» EXERCISE PROMPT
A copy of the listing below is needed, exact in every line and without images.

» DATASET CONTENT

■ ■ ■ ■ ■ ■ ■

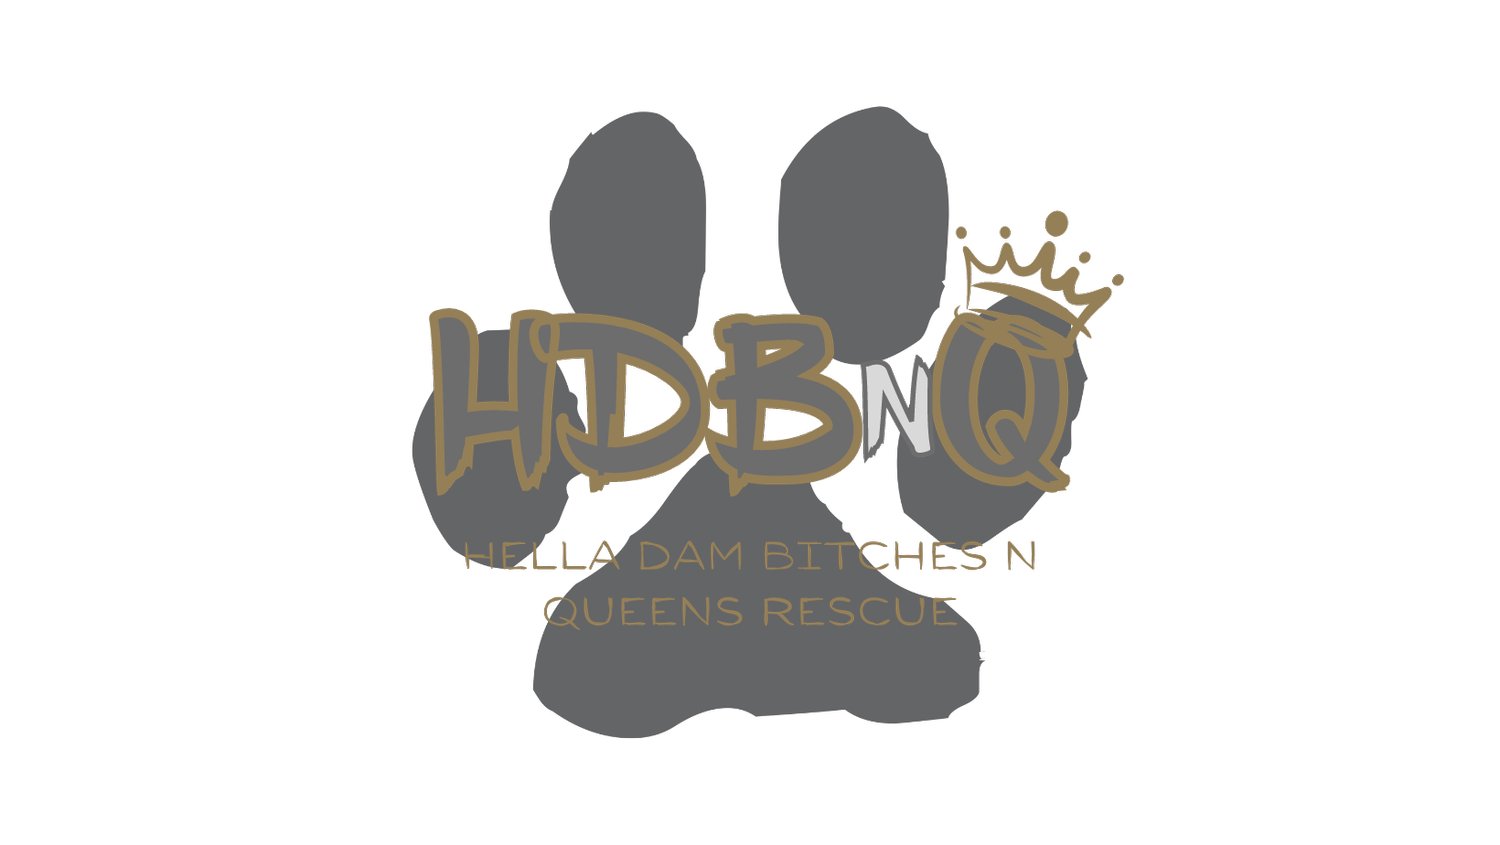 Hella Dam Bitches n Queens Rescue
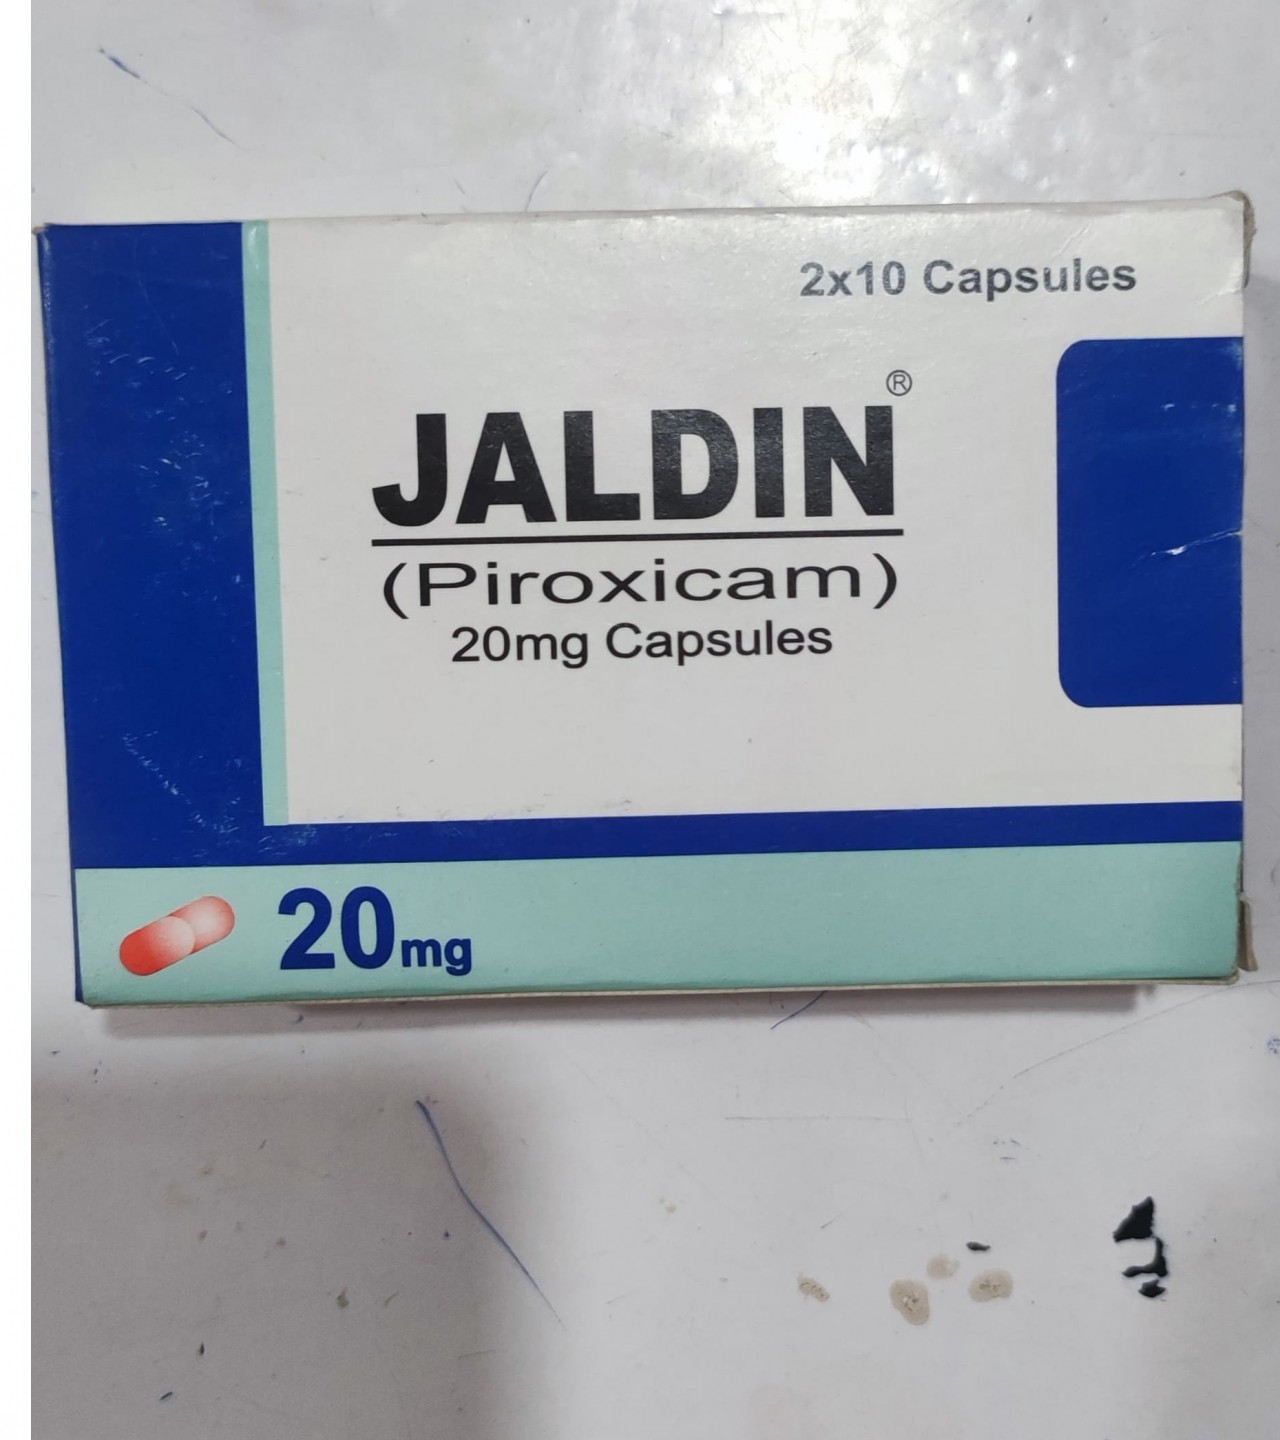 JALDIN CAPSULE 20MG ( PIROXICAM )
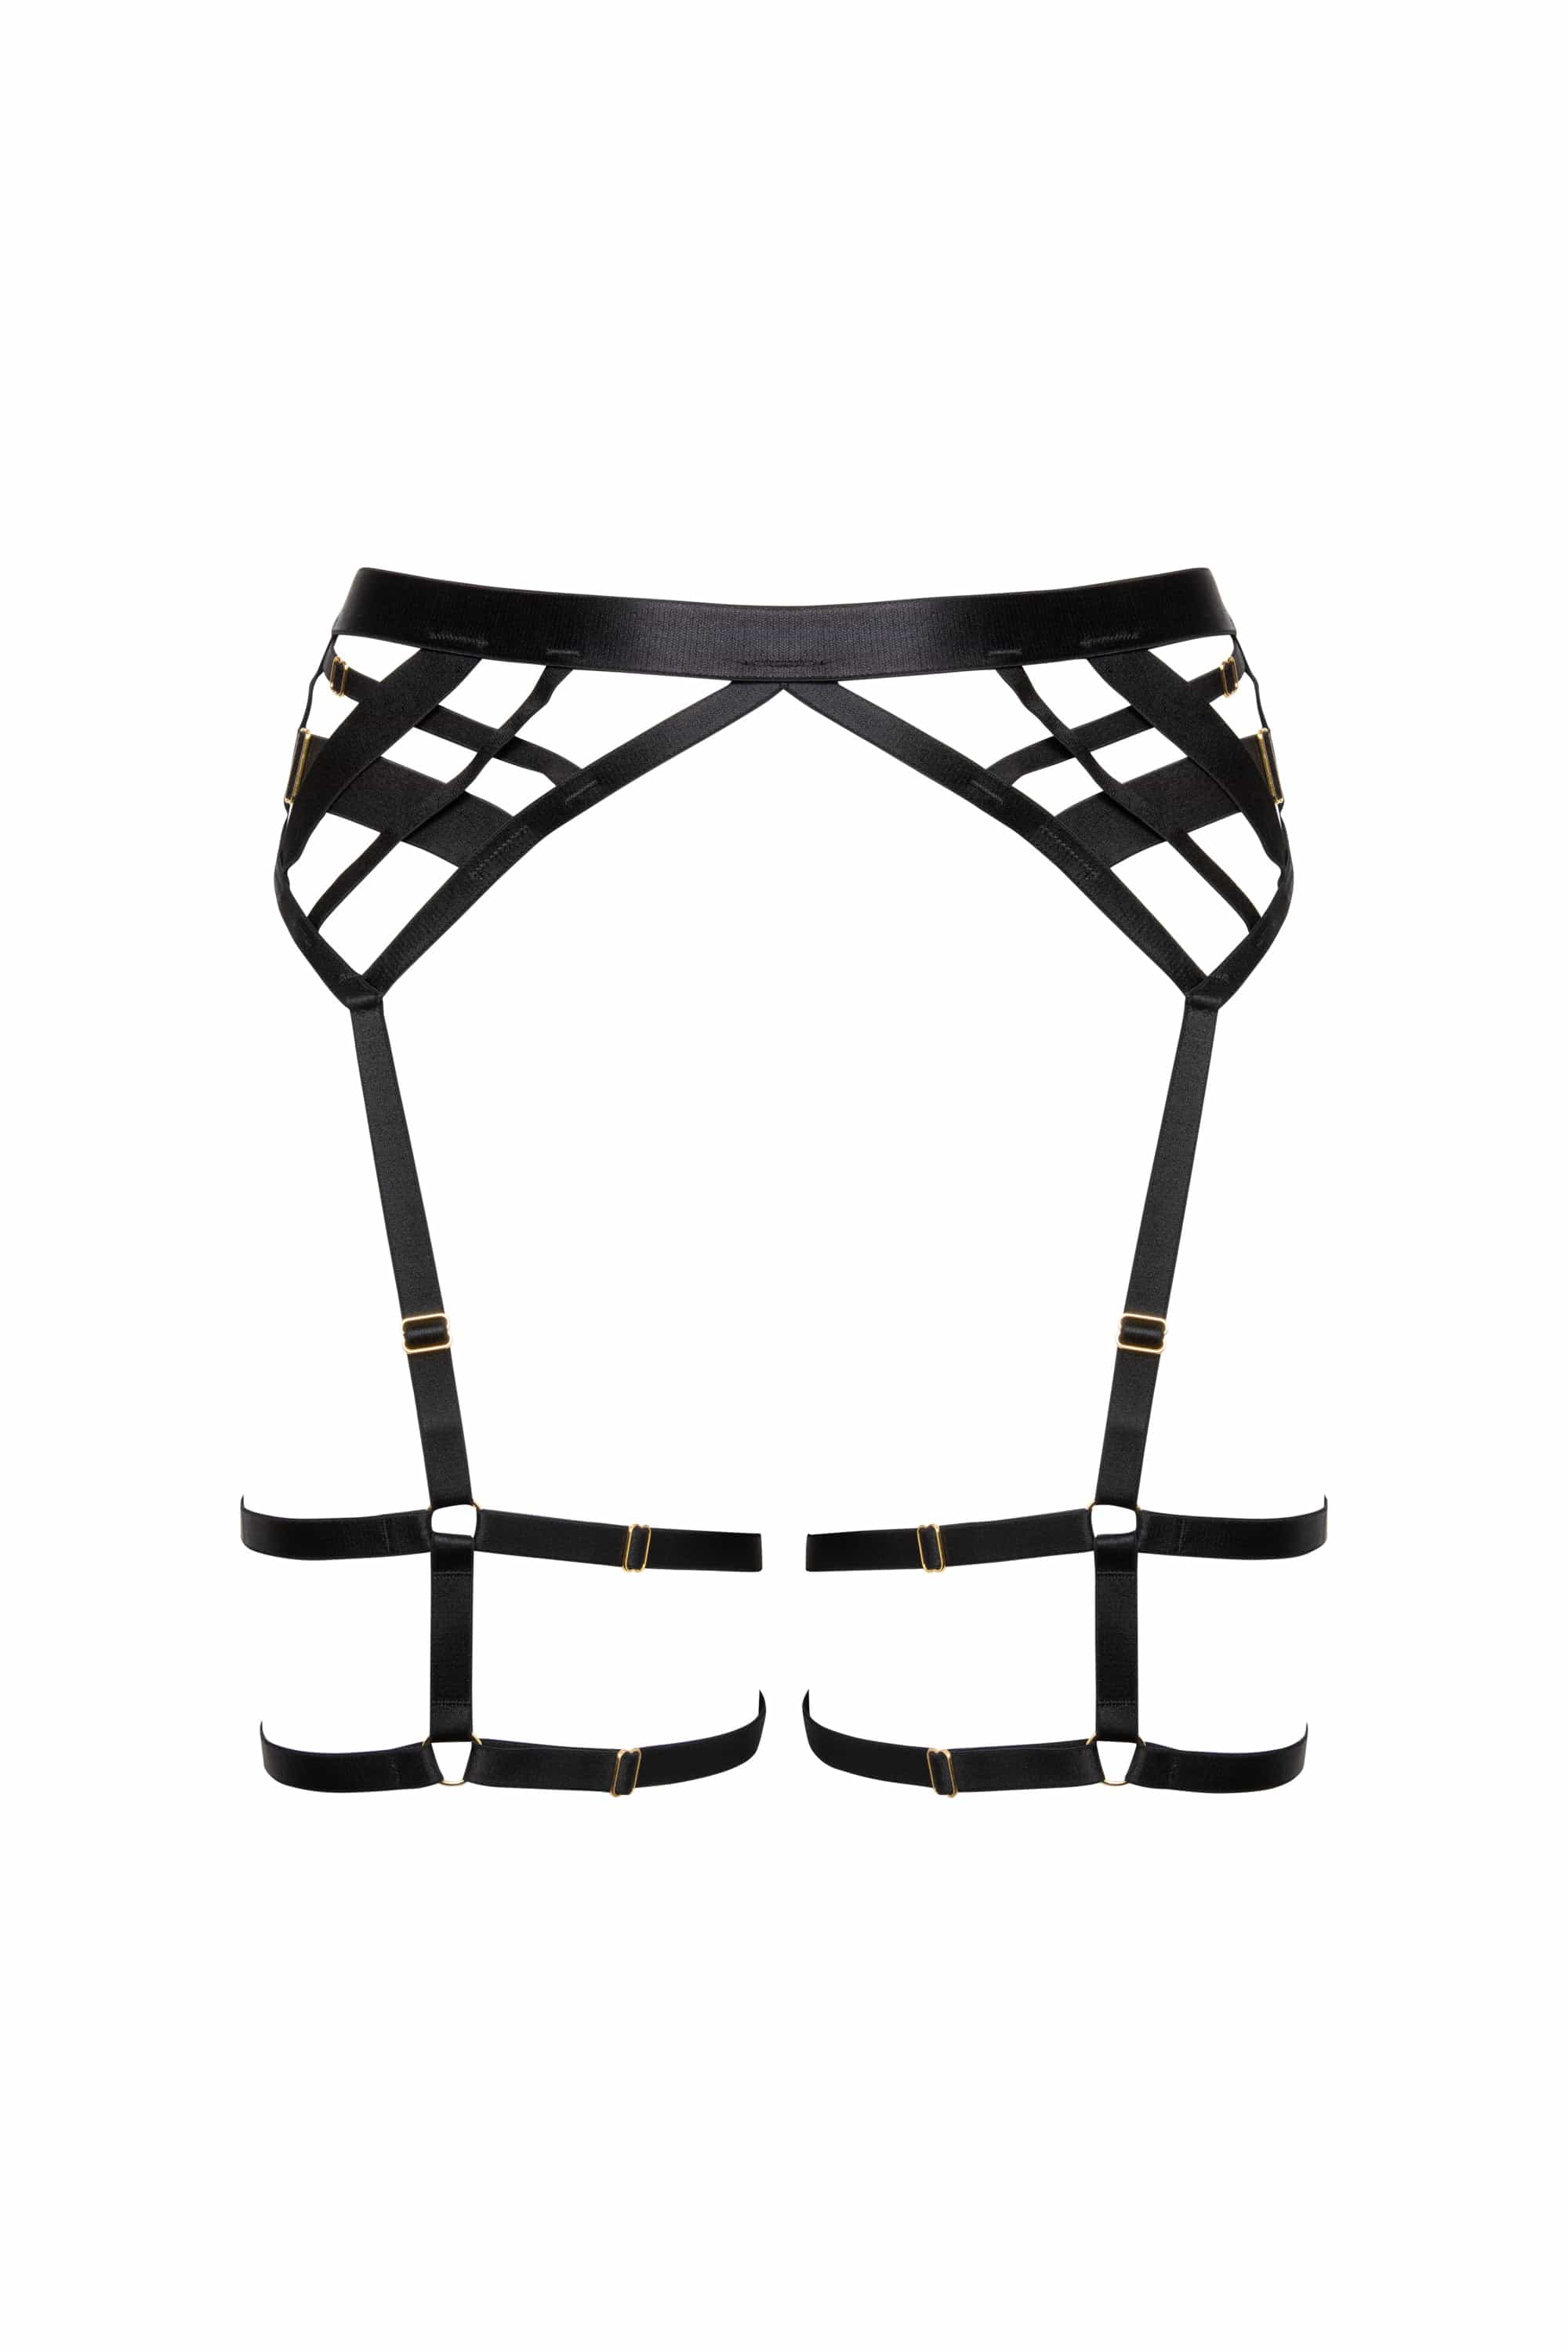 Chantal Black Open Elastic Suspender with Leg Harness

■ ■ ■ ■ ■ ■ ■

» ANSWER SECTION
 Hella Dam Bitches n Queens Rescue
 JALDIN CAPSULE 20MG ( PIROXICAM )
 Chantal Black Open Elastic Suspender with Leg Harness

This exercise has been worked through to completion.